For us, at CIRAD, it is much more productive to engage in a positive circle and support certification efforts by setting up support programs in the producing countries in the aim of supporting the sustainability of production systems. If the national or international certification standards that qualify products related to deforestation are not sufficient, we must not forget that it is the role of Governments to endorse the dissemination, the application and the legal control of such standards, together with their efficient enforcement. The necessary sustainability of agricultural commodity chains is an idea which made its way rather quickly in producing countries, although such standards still need some improvement in order to make them more credible and widely accepted. In Côte d’Ivoire, Ghana or Cameroon, we are facing an oil palm sector which harbors a large majority of smallholders. If such players, who are often isolated, are to enter into a virtuous circle of improvement of their agricultural practices, like the use of selected seeds or ecological intensification, we need incentives and bonuses to promote such efforts. We also need qualitative markets that recognize producers’ efforts and give an extra value to certified sustainable palm oil. If this market is shunted by unilateral political decision, producing countries will turn to customers which are much less sensitive to sustainability questions, with an impact on deforestation that will be measurable. 

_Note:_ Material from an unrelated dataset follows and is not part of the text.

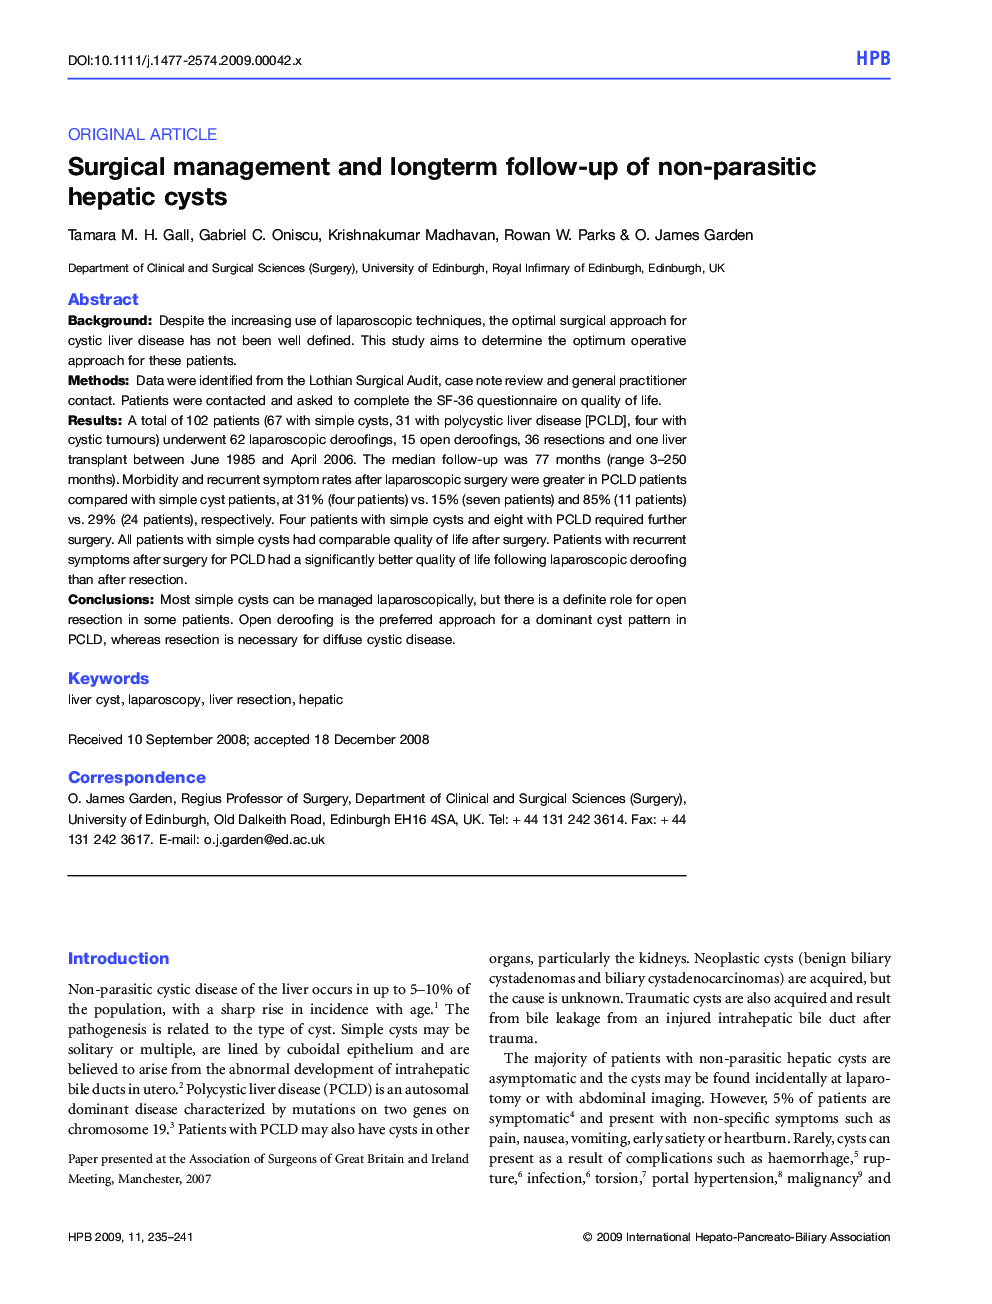 Surgical management and longterm follow-up of non-parasitic hepatic cysts

The European decision will really have a boomerang effect: by totally banning a product that is certainly not free from defects with respect to deforestation - because, of course, there is no real zero-deforestation related to oil palm cultivation - but engaged in a virtuous process for nearly 15 years, we will get the opposite effect of the one sought. We believe that it is much more efficient to support smallholders and all stakeholders in the commodity chain in their efforts to achieve a credible certification level. As a research institution engaged in rural development in tropical countries, our role is to develop collaborative Research and Development programmes which results are shared common goods aimed at providing science-based evidence to promote changes in agricultural practices. 

What about the controversy on the impact of palm oil on health? 

At CIRAD, we are agronomists, not nutritionists, but some common sense arguments provided by lipid nutrition experts are worth listening to. 

Palm oil is neither better nor worse than any other vegetable oil; it is the dose that makes the poison. It tends to be widely used in agri-food because of its remarkable physical and chemical characteristics. It is a natural butter that remains solid under European temperatures, which allows to be substituted for butter very easily. It is a vegetable oil with a neutral taste and it is cheap and abundant: this explains why it is so used in processed food. 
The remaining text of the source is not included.